Whoops.
“Yeah, Dad, sorry. Anyway, enough about the farm. Are you going to the rec center tonight?” Dad usually goes to the veterans’ rec center on Friday nights to meet up with his buddies and play games.
“Nah, not tonight. I’ve got other stuff to do.”
“Oh? Whatcha doing?”
Dad lists a few chores and an episode of something on TV he wants to watch, but he says it all in that hemming-and-hawing way that lets me know he’s lying. Well, maybe not lying to me, but lying to himself. He does have all those things to do, but he’s using them as an excuse not to get out of the trailer.
“Those things can all wait. You should go play pickleball. You need to get out more.”
“Don’t worry about me. I’ll be fine.”
Dad makes an excuse to go, and worry gnaws at me. His meds have been effective lately, but when his mental health declines, Dad doesn’t leave the trailer much.
That’s the worst part about being on my trip. I have to remind myself that my dad is a grown man with resources, medication, and friends. I just hope all that’s enough.
I hang up with Dad and get ready for bed. All the while my thoughts keep drifting back to Alex.
I haven’t been with a guy in almost a year. That must be why I find myself reaching for my vibrator once I’m under the cover. This whole van trip has been a bit of a sexual awakening for me–not because I’ve been bringing home men, but because, for the first time, I’m not living under the same roof with my dad.
I still have to be quiet because Vaniel’s walls arenotsoundproof. In other places, I don’t need my fellow vanlifers listening in. Here, I don’t want Ethan and Lia or whoever else might be wandering around overhearing me when they walk between their cabin and the big house.
It’s not until after I turn out the lights and get myself off thinking about mountain men in flannel that I realize I didn’t ask Alex to Sunday dinner. Ethel hasn’t asked about it, but I get the feeling that she’s lonely during the day. She’s always so glad to see me when I bike up the driveway.
Saturday morning, when Alex drops off the milk, I walk him back out to his truck. “Hey, you should come to dinner on Sunday night.”
Alex looks at me out of the corner of his eye. “Sunday night dinner again?”
“Yeah. It was so good last week. Ethel’s going to make fresh bread tomorrow and says she got a batch of asparagus from one of the neighbors. Did you know it takes two or three years to harvest the first crop of asparagus? And they grow right out of the ground like this?” I demonstrate with my hand and a finger.
Alex doesn’t respond to my asparagus rambling, but I can practically hear the gears turning in his head. Just before he gets to his truck, he whistles for Trixie, who comes sprinting out of the sheep palace. “I’ve still got Kit with me, and I work late sometimes on Sunday.”
“Bring Kit,” I say, hoping Ethel won’t mind.
Alex opens the door to his truck, shaking his head. “Some other time.”
“Fine,” I grumble. “See ya Monday.”
But I see Alex a few hours later. Usually, he sends someone else over to Bedd Fellows to pick up the ice chest for the milk to be refilled. The first time he sent Kit, who lingered for an hour talking to people until Ethan kicked him out for eating too many strawberries. From then on, Alex sent Perry or Jesús, but today he comes himself.
We’re alone out here. We all helped the vendors pack up, and then Colleen took the money inside. Ethan and Lia are out in the field cleaning up. I’ve been stacking buckets at my table.

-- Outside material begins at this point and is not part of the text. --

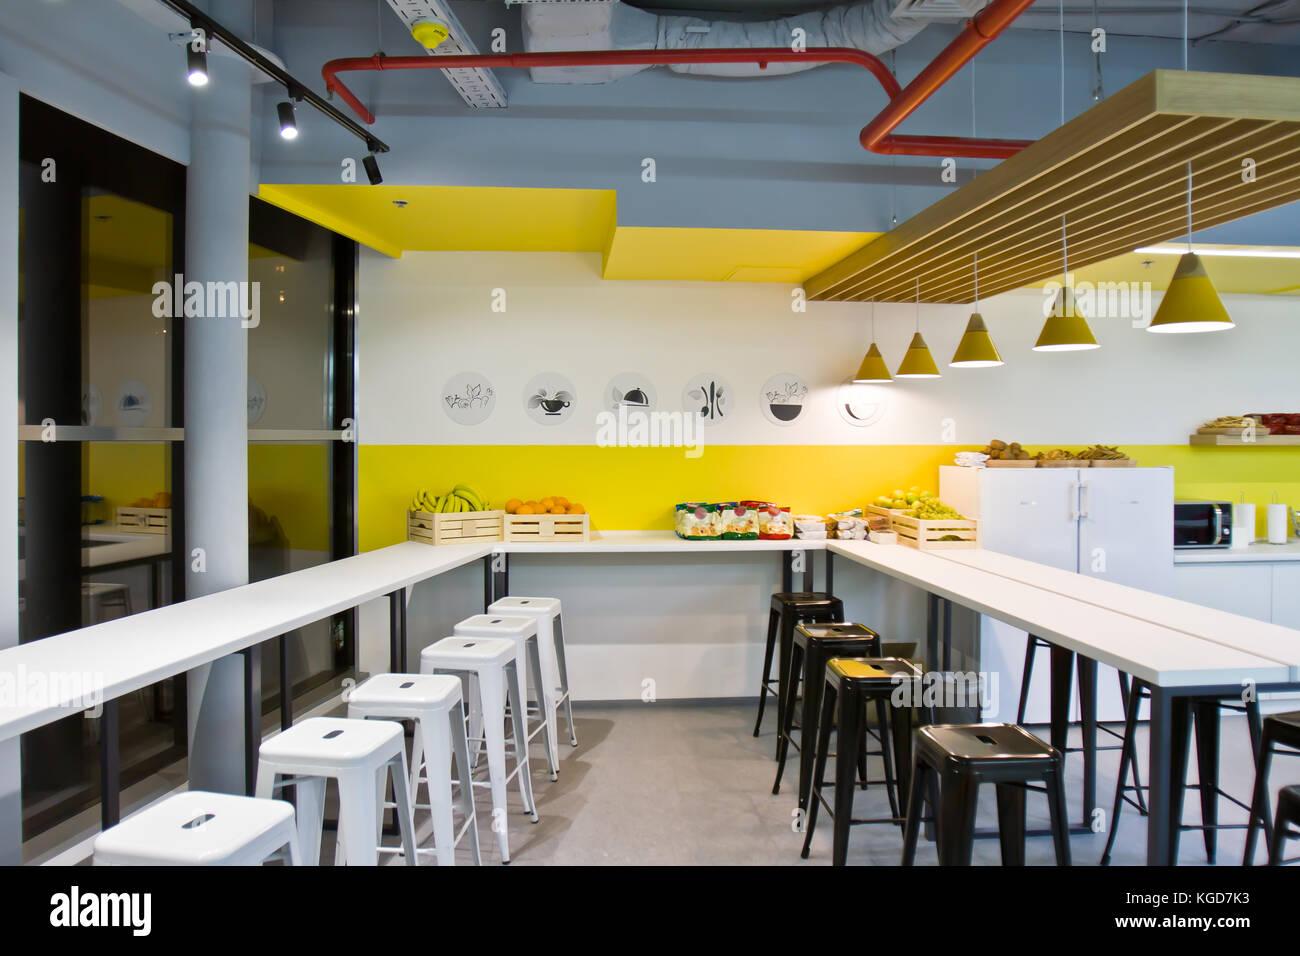 Lujoso comedor, oficina pequeña y moderna cocina de diseño interior ...

I sold the last milk bottle in the early afternoon, and I’d just been thinking that Alex should bring more in the morning, and that gives me an idea. I’m not sure this is a good idea—getting involved more with the Bedd family—but I go with it anyway. I’m leaving at the end of the summer, how bad could it get? It wouldn’t be like Oscar and I and our teenaged angst.
“Hey, Alex.”
He raises a brow at me.
“Do you have another ice chest?”
He lifts it up by one handle now that he’s emptied it of ice. “This big?”
“Yeah.”
He nods.
“Fill it and bring it tomorrow. I bet I can sell it all.”